Online Extra: Germany's Mighty Metro

Thanks to growth abroad, the retailer's earnings are climbing despite the sluggish home economy and brutal competition

By Jack Ewing

With record unemployment, sluggish growth, and plummeting consumer confidence, Germany is a tough place to be a retailer these days. So it seems pretty counterintuitive that many analysts are recommending the shares of Dusseldorf-based Metro, Germany's biggest retail group. Yet a closer look shows that Metro, No. 55 on BusinessWeek's new list of top-performing European companies, based on the Standard & Poor's Europe 350, has held its own -- even boosted profits -- amid the macroeconomic gloom.

"Metro has managed to improve margins despite the overall consumer climate," says Volker Bosse, who follows Metro for Munich bank HVB Group and rates the shares outperform. "They've managed to take advantage of all the important trends in retailing."


  One trend that Metro has followed is expanding beyond the borders of Germany, with its slow-poke growth. Like other the nation's companies, such as carmaker BMW or media company Bertelsmann, Metro has concentrated more on international markets in recent years. That has allowed it to more than offset Germans' stagnant purchasing power.

Metro now registers almost half its 54 billion euros ($60 billion) in annual sales outside Germany, particularly in emerging markets such as Poland or Romania where incomes are rising and relatively little competition exists. Metro has done especially well abroad with its cash-and-carry stores, big warehouse-style outlets that sell food and other goods in quantity to restaurants, mom-and-pop stores, and other small businesses. Later this year it will open its first cash-and-carry store in Ukraine and two in India.

However, there's more to Metro's success. In Germany, it has turned the reduced spending power of consumers into an advantage. Its Saturn and Media Markt consumer electronics stores, which advertise that "Cheap is cool," boosted operating profits by 9.5% in the first quarter -- typically the year's weakest quarter -- to 29.3 million euros ($34 million) on sales of 2.351 billion euros ($2.7 billion).


  The giant retailer achieved this even though Germany remains the core market for its consumer-electronics business. Overall, Metro narrowed its first-quarter 2003 loss to 43.7 million euros ($50 million), from 56.2 million euros ($65 million) a year earlier. (In German retailing, anything close to breakeven in the first quarter is considered a triumph.) First-quarter sales rose 2.7%, to 12.13 billion euros ($14 billion).
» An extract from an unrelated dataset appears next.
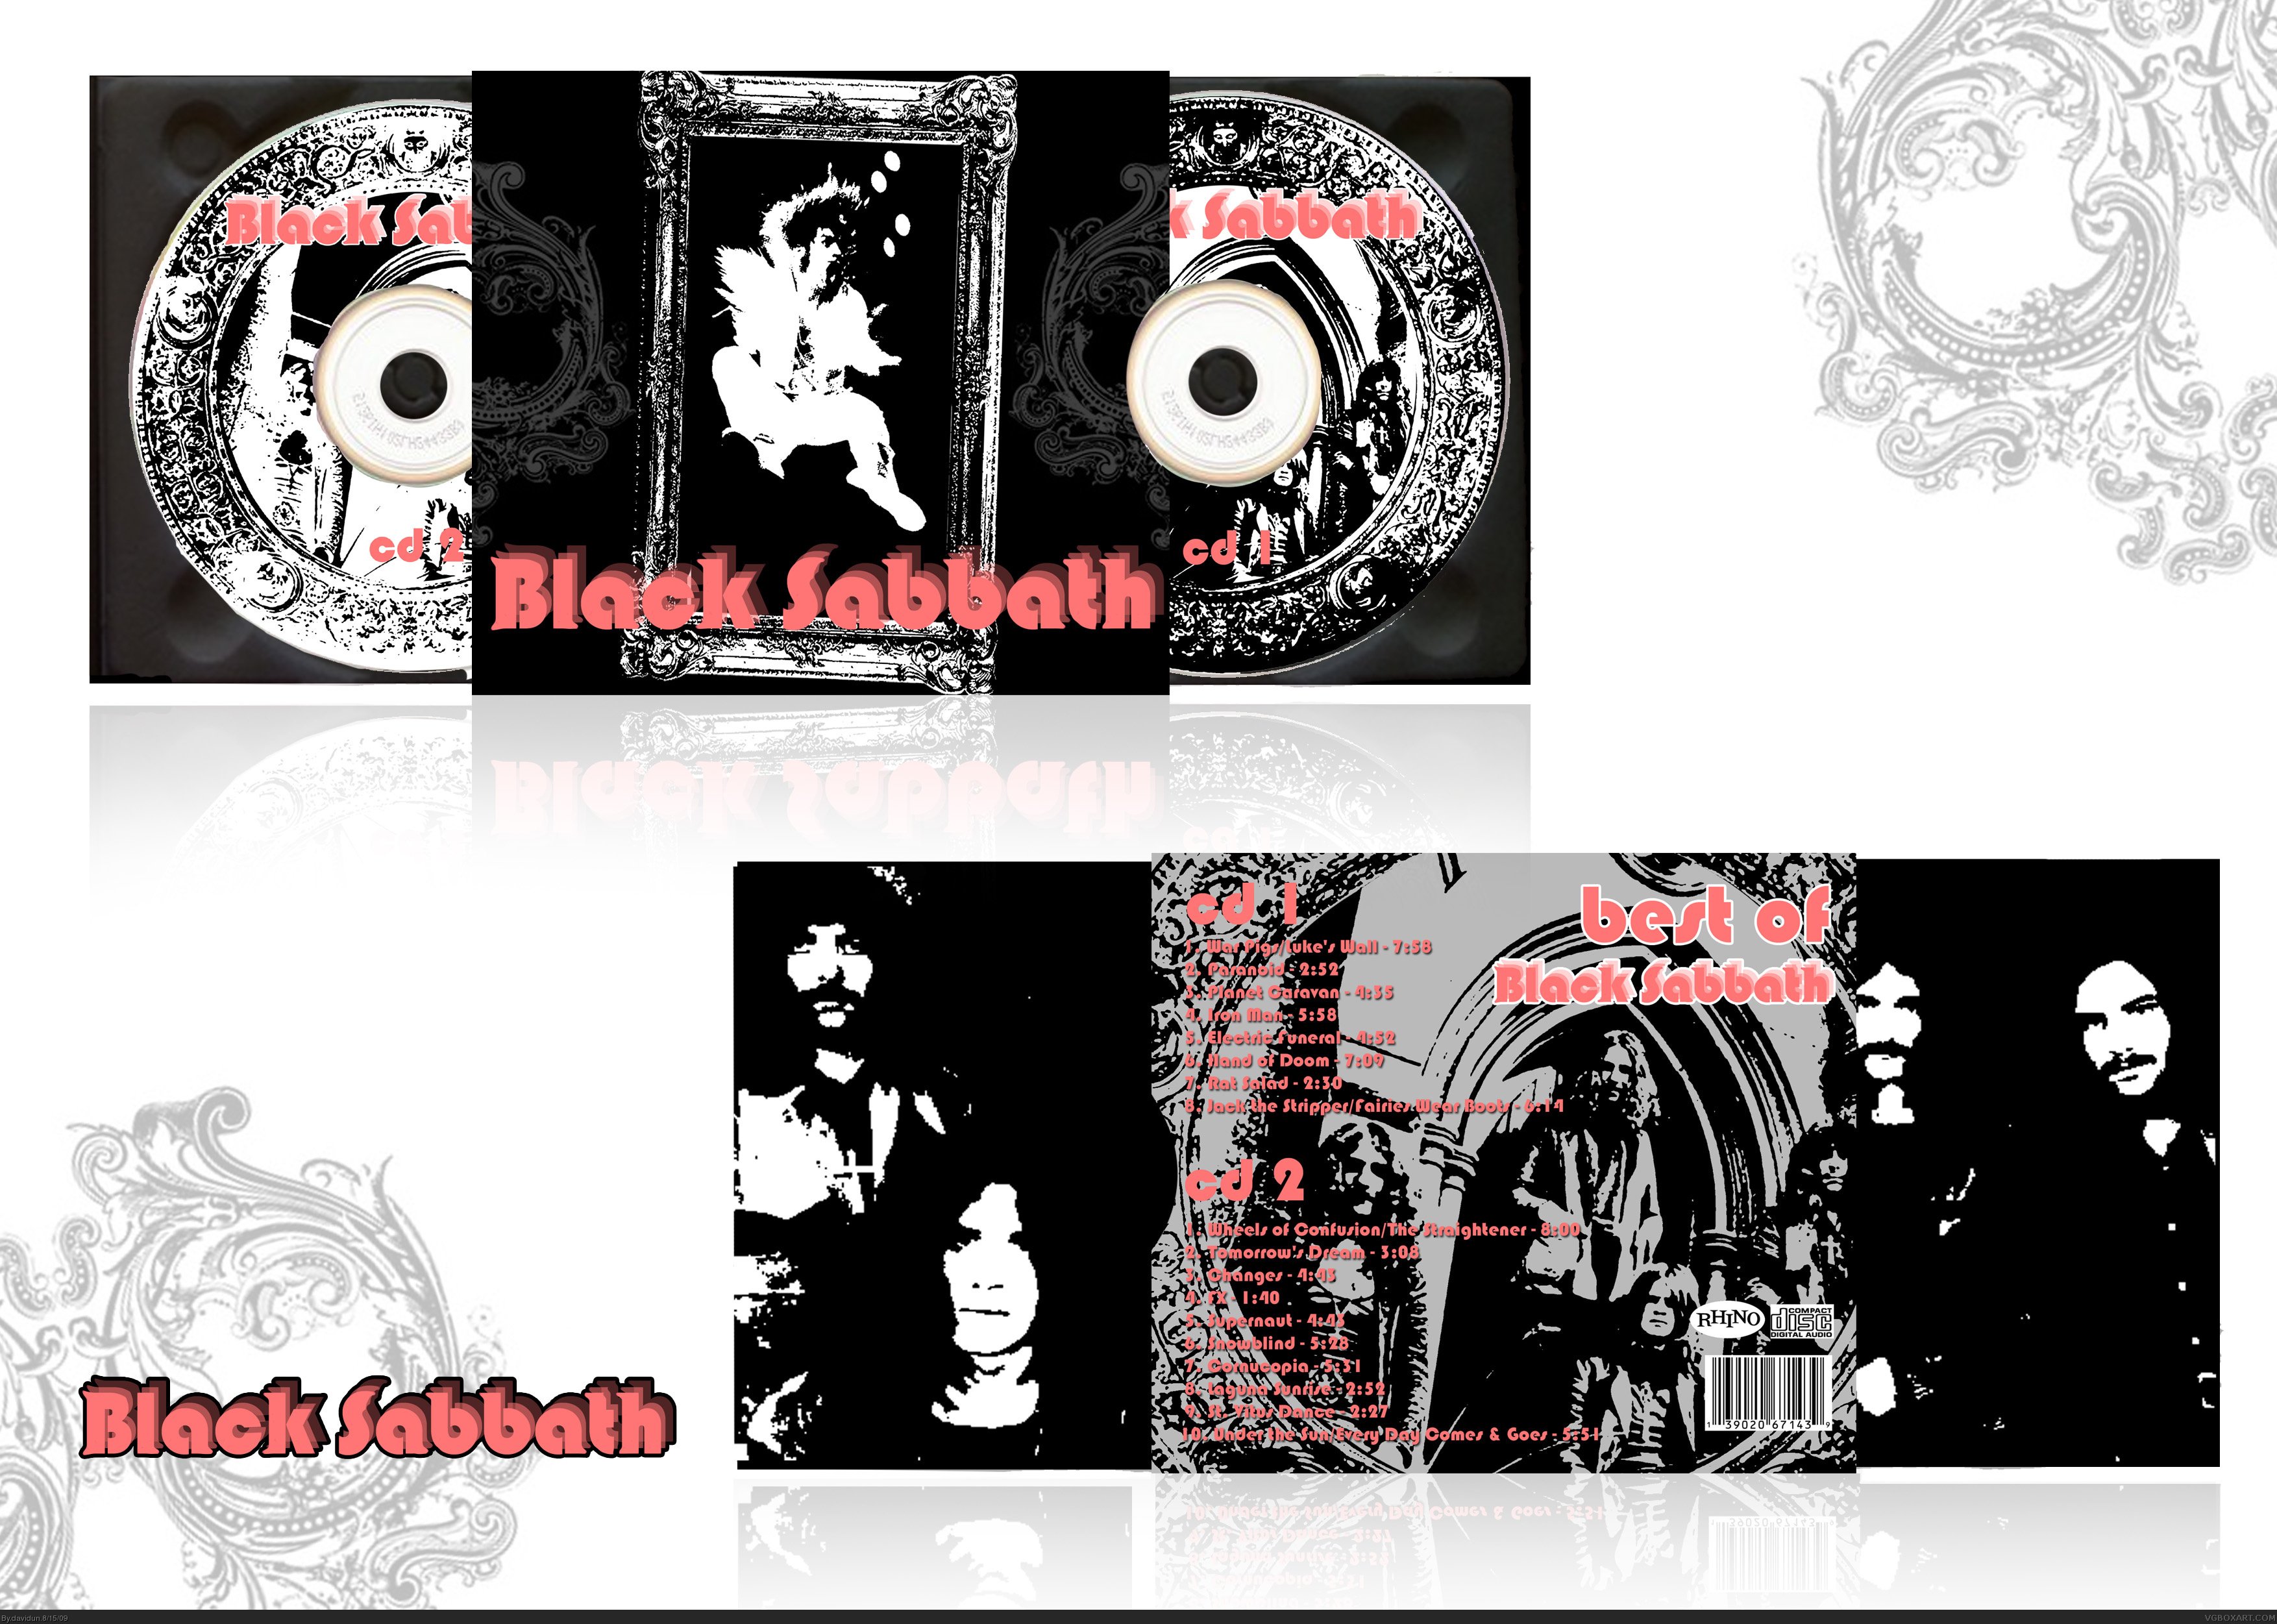 Black sabbath best of box cover

Metro surely faces some challenges in the days ahead. It's unclear when the German economy will begin to recover. And Metro's Praktiker do-it-yourself stores are perennial money losers, though performance has improved, thanks to intensified advertising. Metro's Wal-Mart-style Real hypermarkets and Extra food stores have had trouble competing with aggressive, no-frills discounters.

HVB's Bosse thinks Metro can boost profitability by expanding its range of store brands. Private labels, such as Metro's Watson appliance brand, offer consumers some of the security of a brand name while giving Metro a decent profit margin.


  However, despite its accomplishments in a dreary economic climate, not all analysts are so sanguine. Investment bank UBS recently downgraded Metro from buy to neutral, arguing that weak consumer spending in Germany still poses a risk. But investors seem to disagree.

Metro shares, which trade on the Frankfurt Stock Exchange under the ticker MEOG.F, have risen 30% since Apr. 30, when the retailer released first-quarter results. The stock traded at about 29 euros ($33) recently, and some room for gains remain, says HVB's Bosse, who thinks the shares will go to 32 euros ($36.50). Even German consumer spending could get a lift soon. The government is debating speeding up planned tax cuts to boost confidence.

If so, Germany might not be such a bad place for retailers after all, and Metro is poised to benefit from any consumer-led rebound.